Arctic Frost may not be the biggest scandal in American history – not when the government was used to frame a presidential candidate as a Kremlin ally, or when a White House cabal blatantly hid a president’s dementia from the public with the media’s help.
But the recent revelation of the Biden administration’s astonishing 2022 spying on some 430 conservatives under Arctic Frost makes it hands-down the most frightening scandal in U.S. history – for the shocking scope and brazenness of the dubious domestic spying operation.
In case you’ve missed it – and you likely have, if you get your news from legacy media – over a year after the Jan. 6 Capitol protest, and in advance of an obvious Trump reelection campaign, Biden special counsel Jack Smith used Arctic Frost, and the fearsome levers of federal might, as a pretext to spy on the political opposition.
According to the Senate Judiciary Committee, Smith issued 197 subpoenas to 34 individuals and 163 businesses covering “at least 430 named Republican individuals and entities.”
In a sweeping fishing expedition aimed at catching any Trump supporter it could in a misdeed – or just to find out what they know – the Biden administration cast a vast net to haul in citizens’ bank records and all communications between his unsuspecting targets and media outlets, the Trump White House and Congress.
Specifically, Senate Judiciary Committee Chairman Chuck Grassley, R-Iowa, said Smith was fishing for:
- Communications with media companies such as CBS, Fox News, Fox Business, Newsmax, Sinclair and others.
- Communications with “any member, employee or agent of the Legislative Branch of the U.S. Government.”
- Communications with White House advisors, such as Stephen Miller, Dan Scavino, Jared Kushner, Lara Trump and others.
- Statistical data and analysis relating to donors and fundraising efforts.
- Broad financial data relating to conservative individuals and entities.
Stasi much? What alleged crime was the predicate for spying on so many fellow Americans, pray tell? What kind of government is used to spy so flagrantly and unashamedly on its own citizens, and with such sinister groundlessness?
Not a free country’s government, that’s for sure.
Arctic Frost’s deep-sea trawling in the lives of hundreds of innocent Americans is exceeded in scope, but not nefariousness, only by Barack Obama’s massive National Security Agency spying scandal, the one exposed by government whistleblower Edward Snowden.
Still, the tundra-sized Arctic Frost scandal far eclipses dreaded Watergate – which generously gave all future scandals its “-gate” suffix – for sheer size, audacity and constitutional effrontery and disdain.

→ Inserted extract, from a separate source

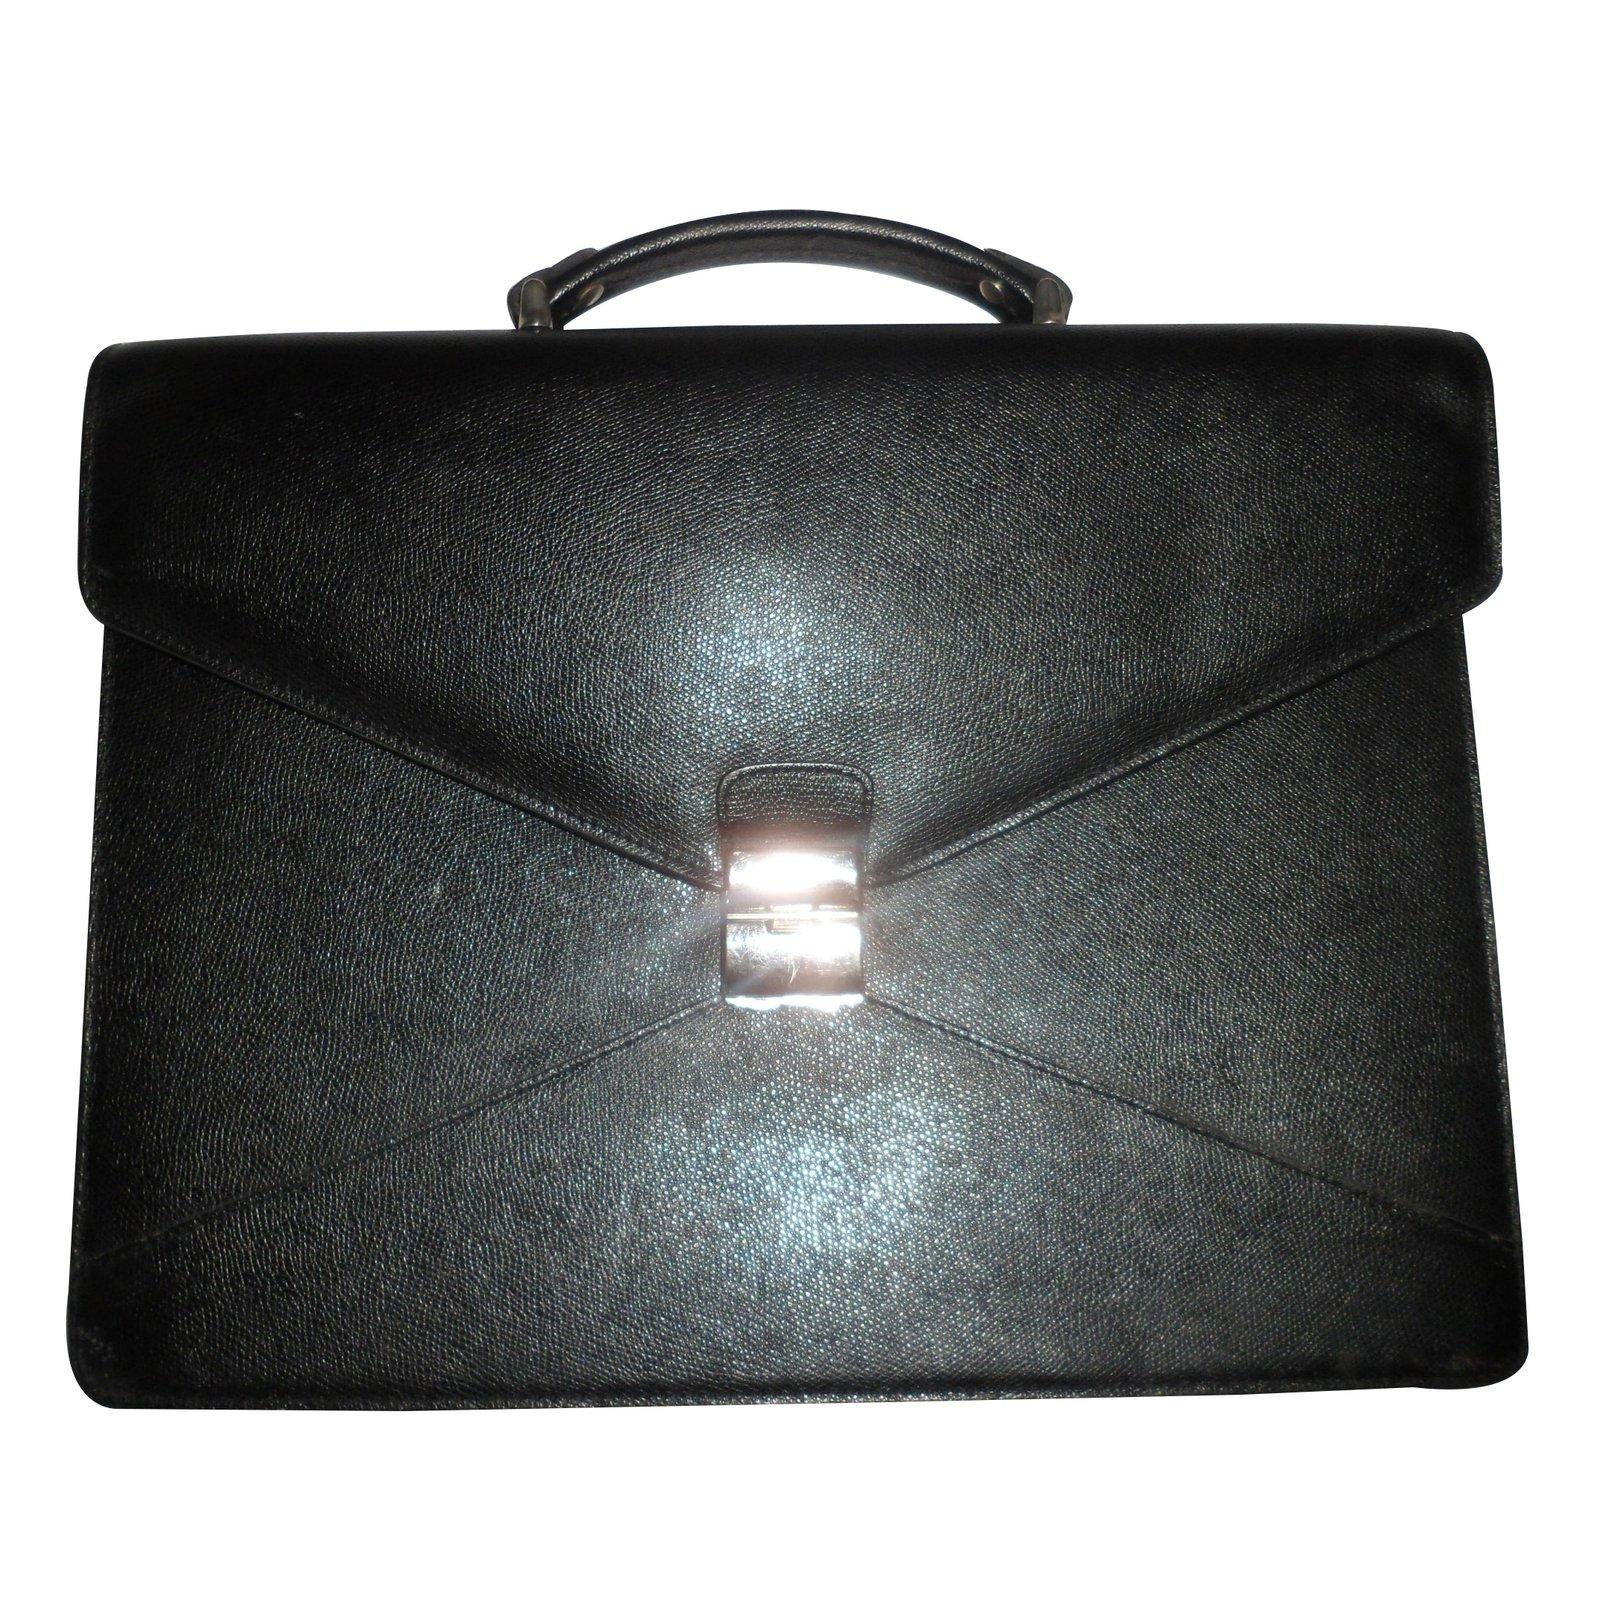 sacs lancel serviette porte document cuir noir joli closet. Black Bedroom Furniture Sets. Home Design Ideas

Consider the differences between Watergate and Arctic Frost:
Watergate was a reelection campaign’s slipshod attempt to spy on a hapless opposition – an operation involving five Keystone Burglars who couldn’t shoot a flashlight straight.
Watergate was not an official government scheme, and didn’t target hundreds of civilians’ communications and even bank records. Arctic Frost, in contrast, was a spying operation by a fully armed and operational government against some 400 perceived political enemies, mostly in the private sector and merely because of their political views.
Nor did Watergate manage to spy on eight Republican U.S. senators and one GOP congressman, as Arctic Frost infamously did in its historic rubicon-crossing.
Set against the magnitude and the gall of Arctic Frost, Watergate now appears, as the Nixon administration so cynically put it, to be a “third-rate burglary.”
The media’s role in the two scandals also couldn’t be more divergent.
Watergate was media-driven, by Washington Post reporters who became legends of journalism. In sharp contrast, it took the second Trump administration to unveil the Arctic Frost scandal. And since then, the legacy media have appeared intent on burying the scandal rather than shining a light on it.
“Not one single broadcast network aired one solitary second” of Arctic Frost coverage in the days immediately following its Oct. 30 reveal, Media Research Center President David Bozell notes.
“Normally they’ll mention it in the most innocuous way so they can later say, ‘We covered it,’ but this time they didn’t even bother.”
The country actually got more coverage, and more overheated coverage, of the innocuous addition of a White House ballroom. Just stew in that for a moment while honest historians wait to pounce.
In contrast, liberals covered themselves with what they thought was glory, and gave themselves “prestigious” awards, for their breathless coverage of a Trump Russia collusion that not only never occurred, but which was the concoction of the Hillary Clinton campaign, the Democratic National Committee and, subsequently, the Obama administration.
Neither could the politics of Watergate and Arctic Frost be more dissimilar: Back in the 1970s, Republicans joined with Democrats in helping chase a GOP president from office for the Watergate coverup. Today, nary a Democrat would deign to even acknowledge the much bigger Arctic Frost scandal, much less help bring the perpetrators to justice.
Let’s hope the two scandals at least have that kind of accountability in common.